──────── Data records ────────

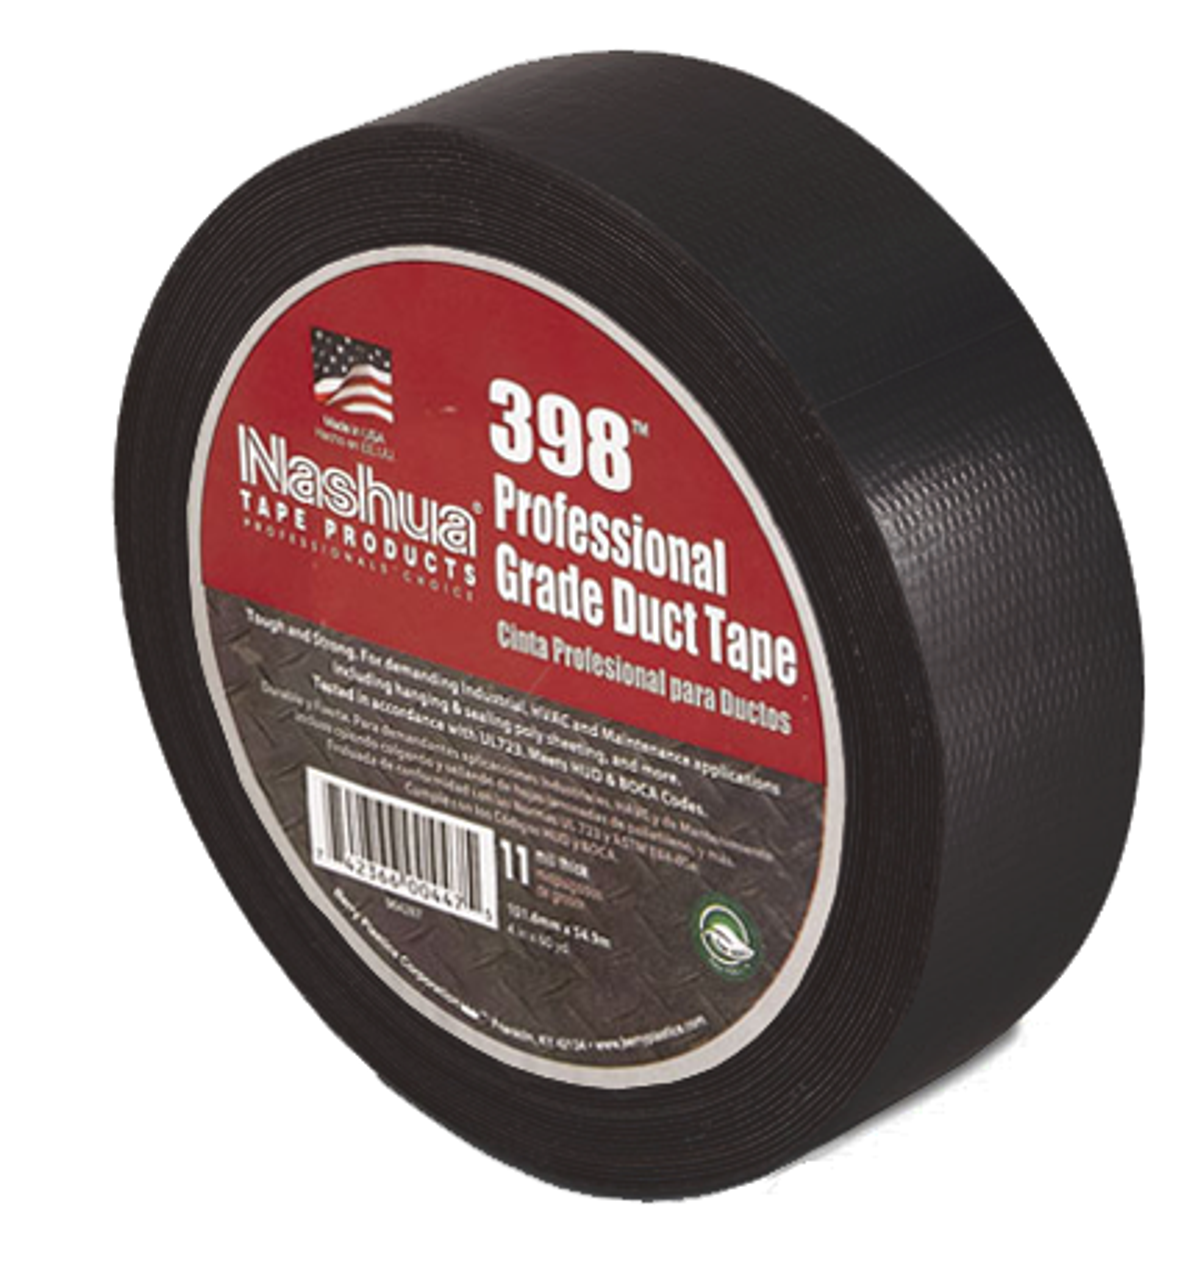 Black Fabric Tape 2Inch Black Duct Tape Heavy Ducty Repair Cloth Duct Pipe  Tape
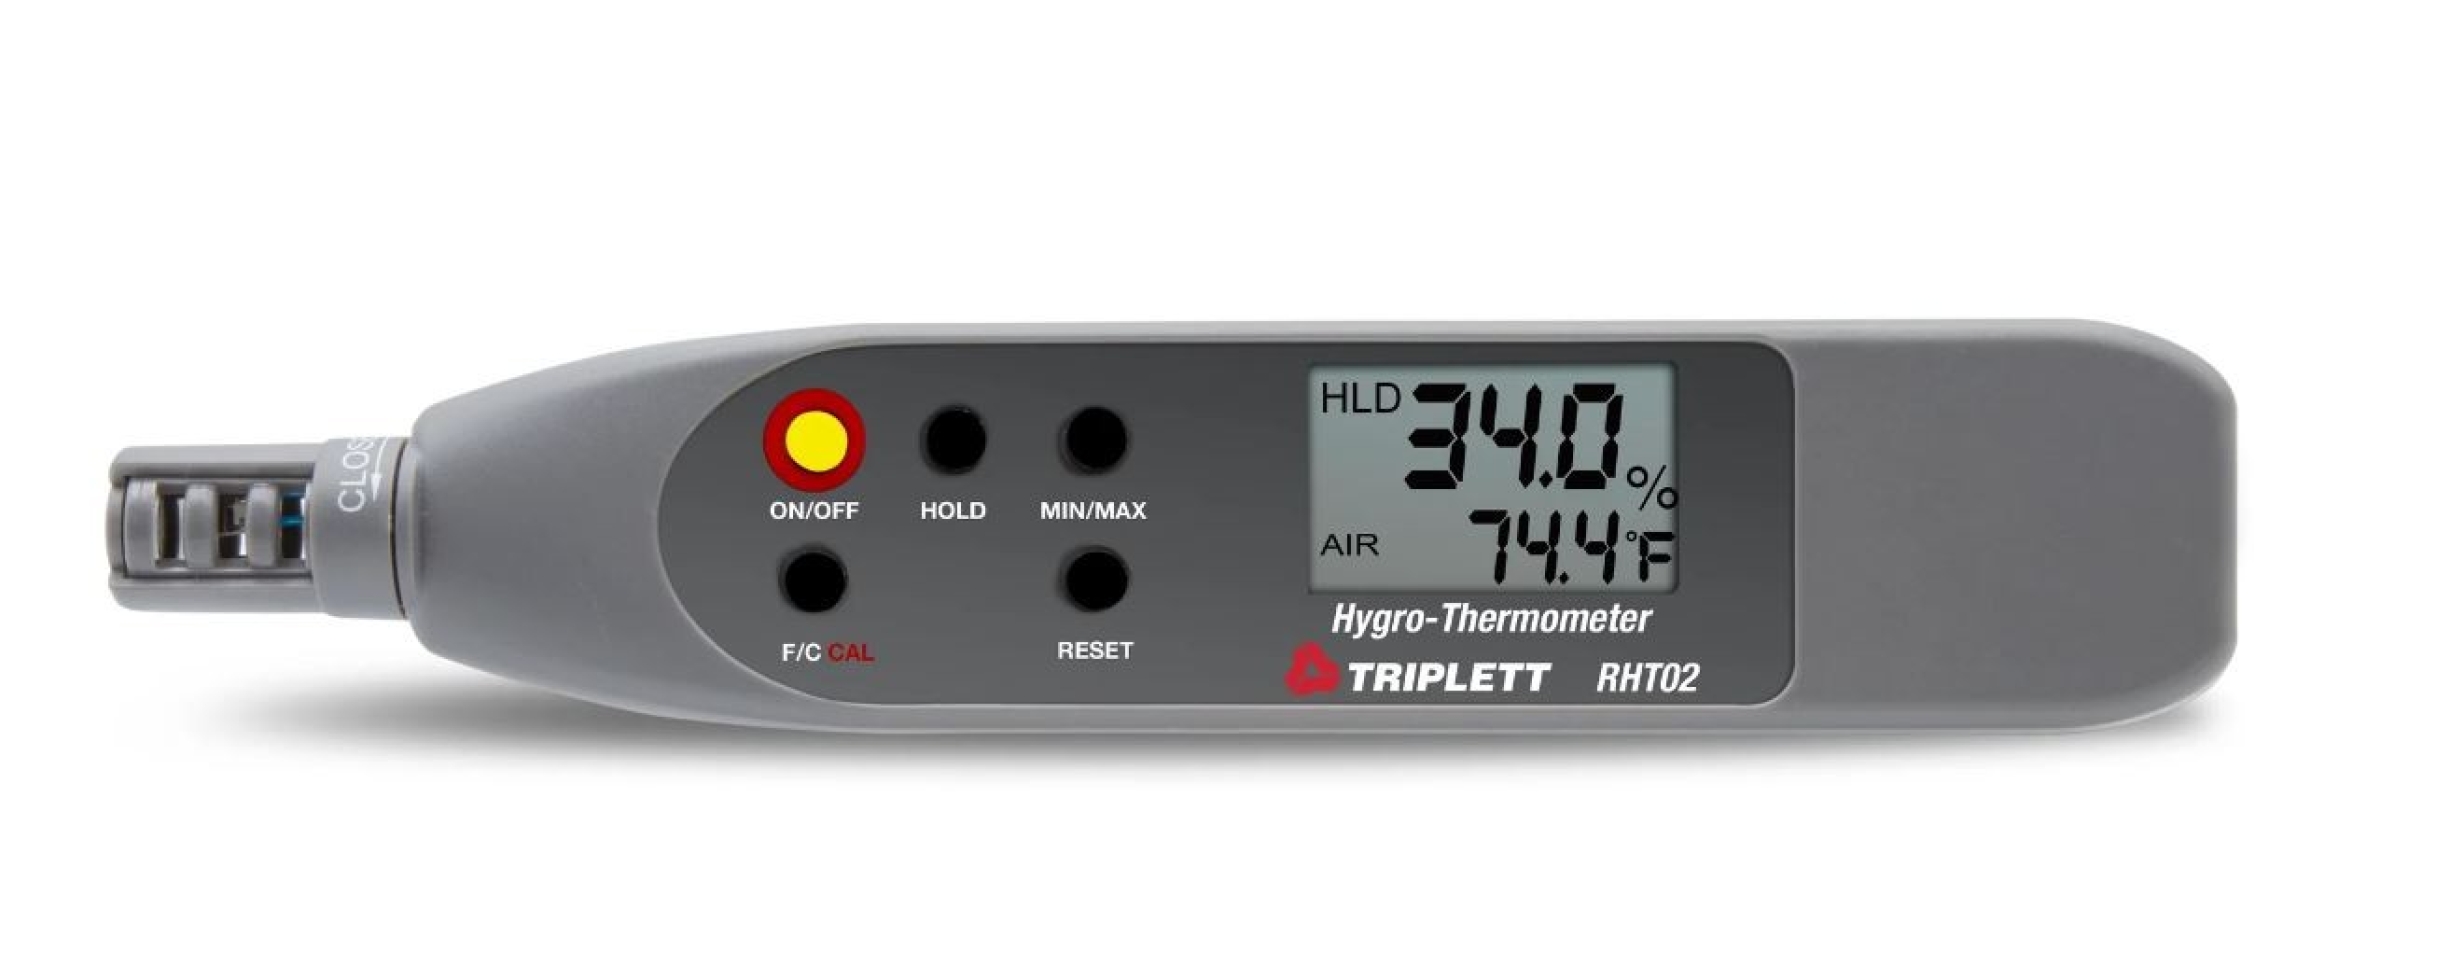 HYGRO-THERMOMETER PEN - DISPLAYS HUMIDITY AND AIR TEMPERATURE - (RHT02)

────────
──────── Data records ────────

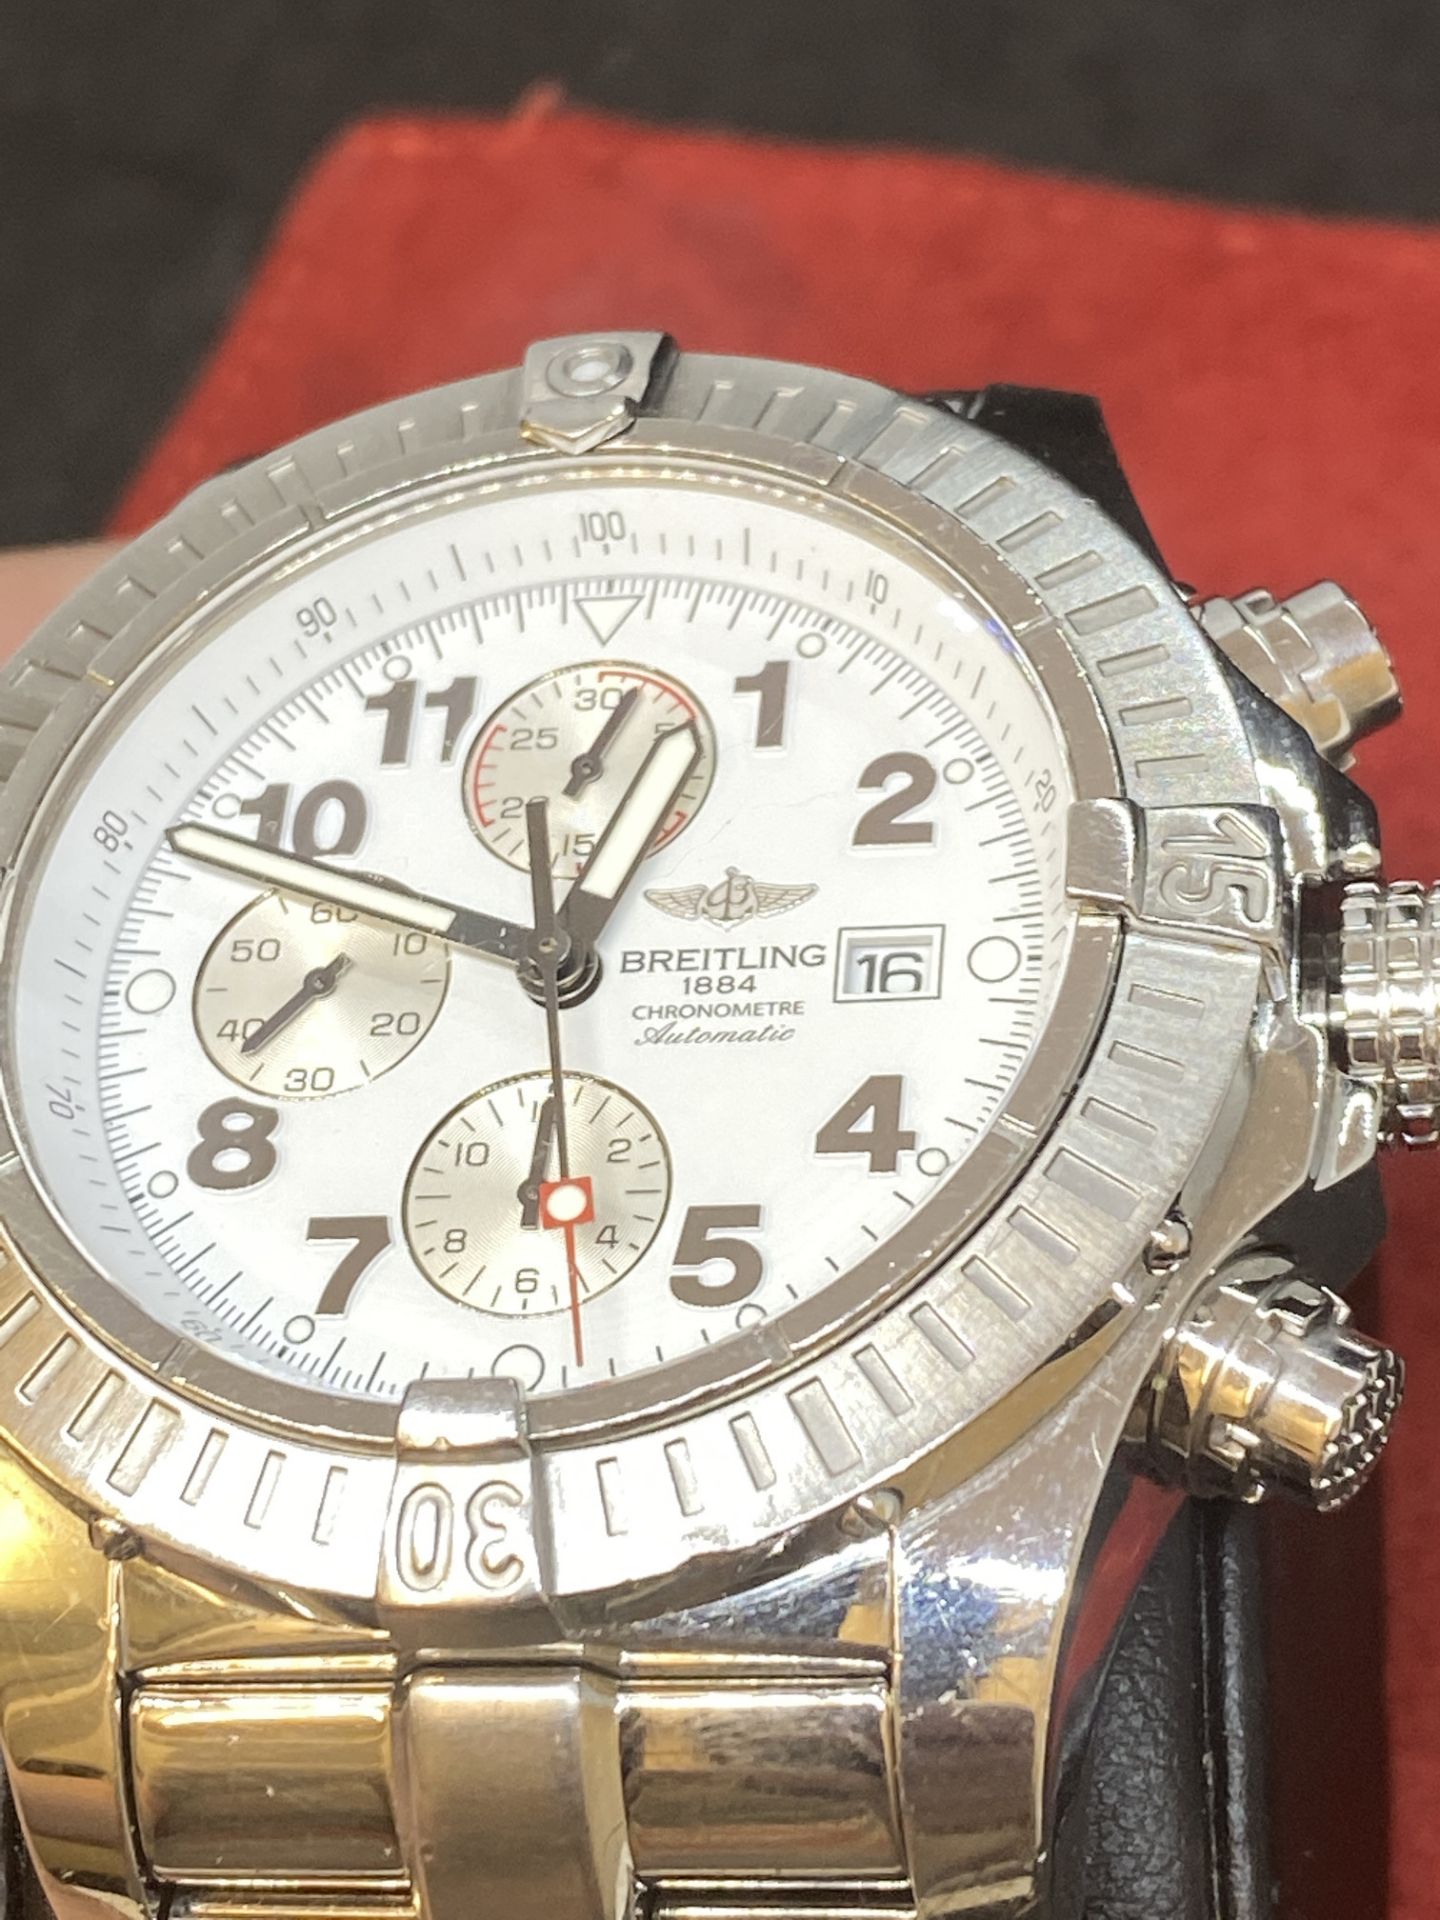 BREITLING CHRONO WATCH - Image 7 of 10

────────
──────── Data records ────────

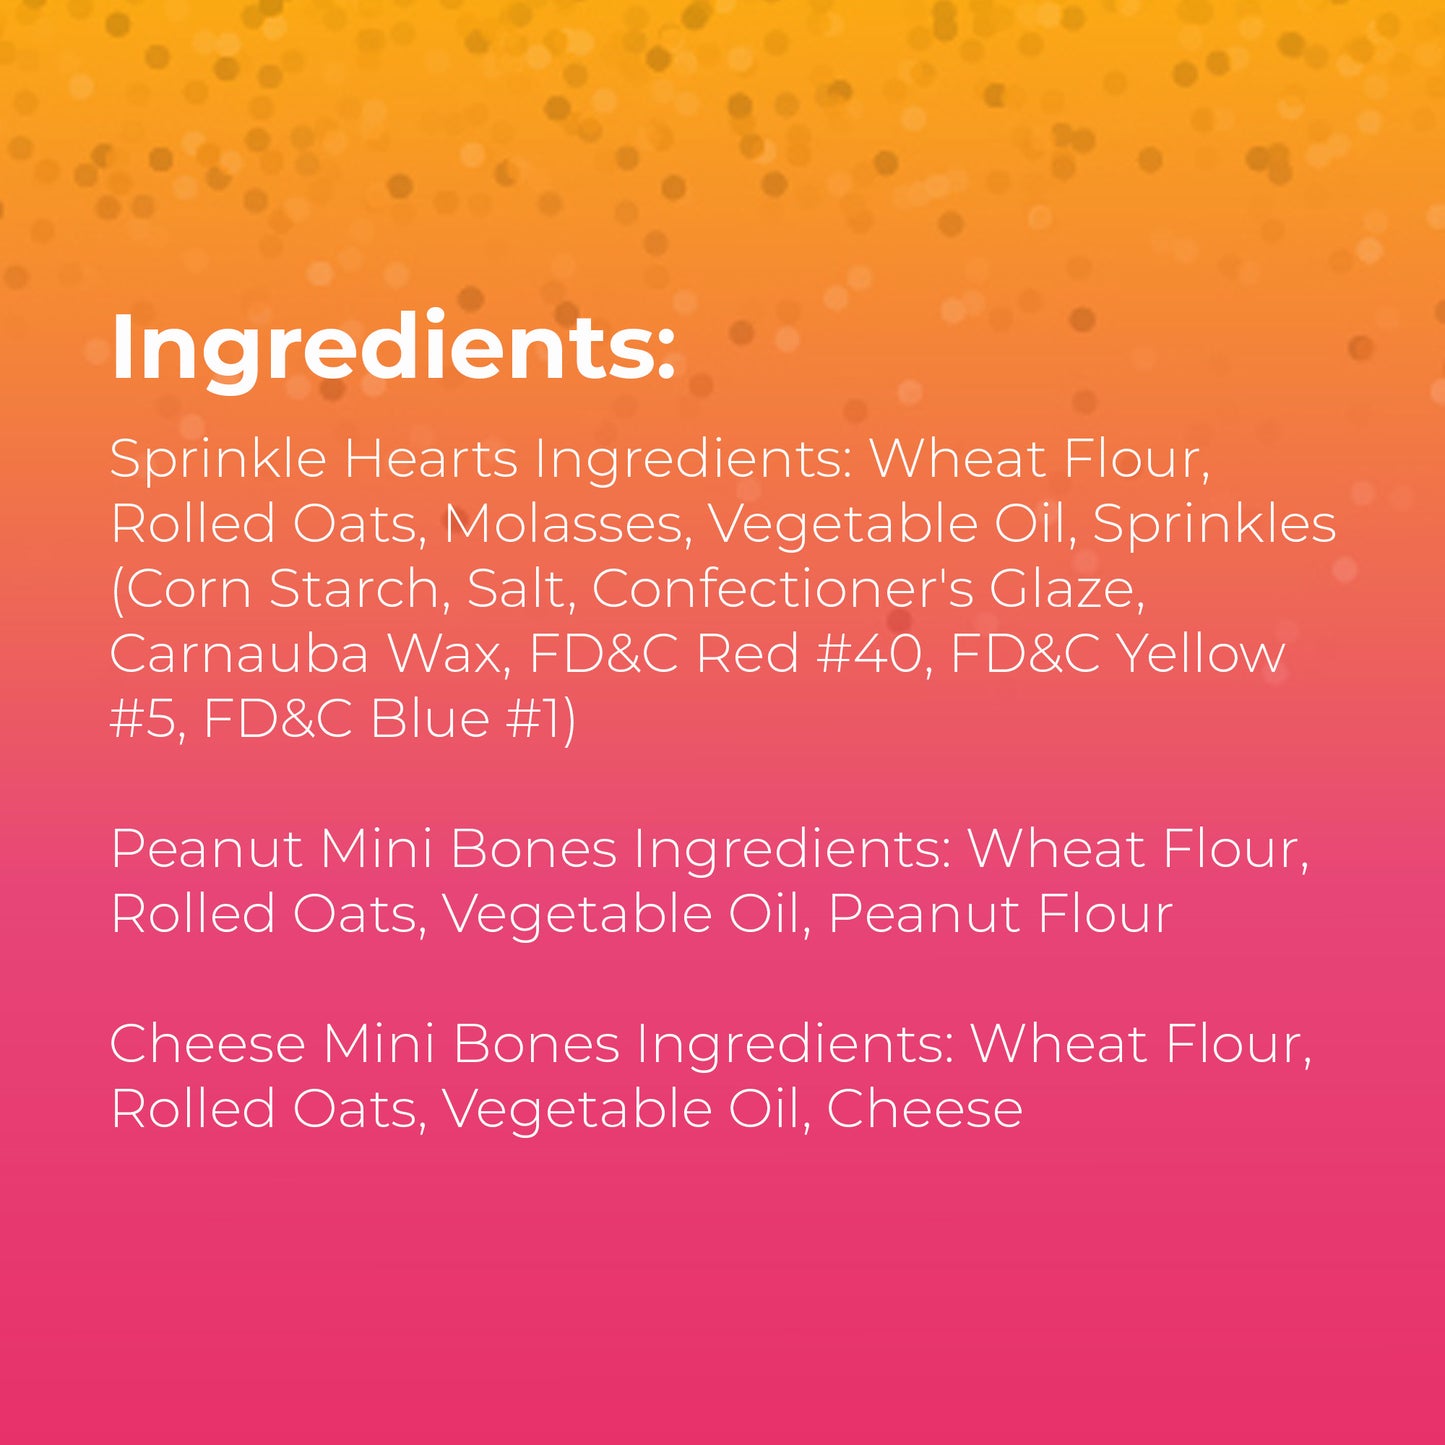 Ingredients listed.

────────

**Exercise requirements:** Repeat, word for word, the lines of the material above from the one holding "Black Fabric Tape" through the one holding "HYGRO-THERMOMETER PEN - DISPLAYS". Leave out pictures.

**Result for this task:**
 Black Fabric Tape 2Inch Black Duct Tape Heavy Ducty Repair Cloth Duct Pipe  Tape
 HYGRO-THERMOMETER PEN - DISPLAYS HUMIDITY AND AIR TEMPERATURE - (RHT02)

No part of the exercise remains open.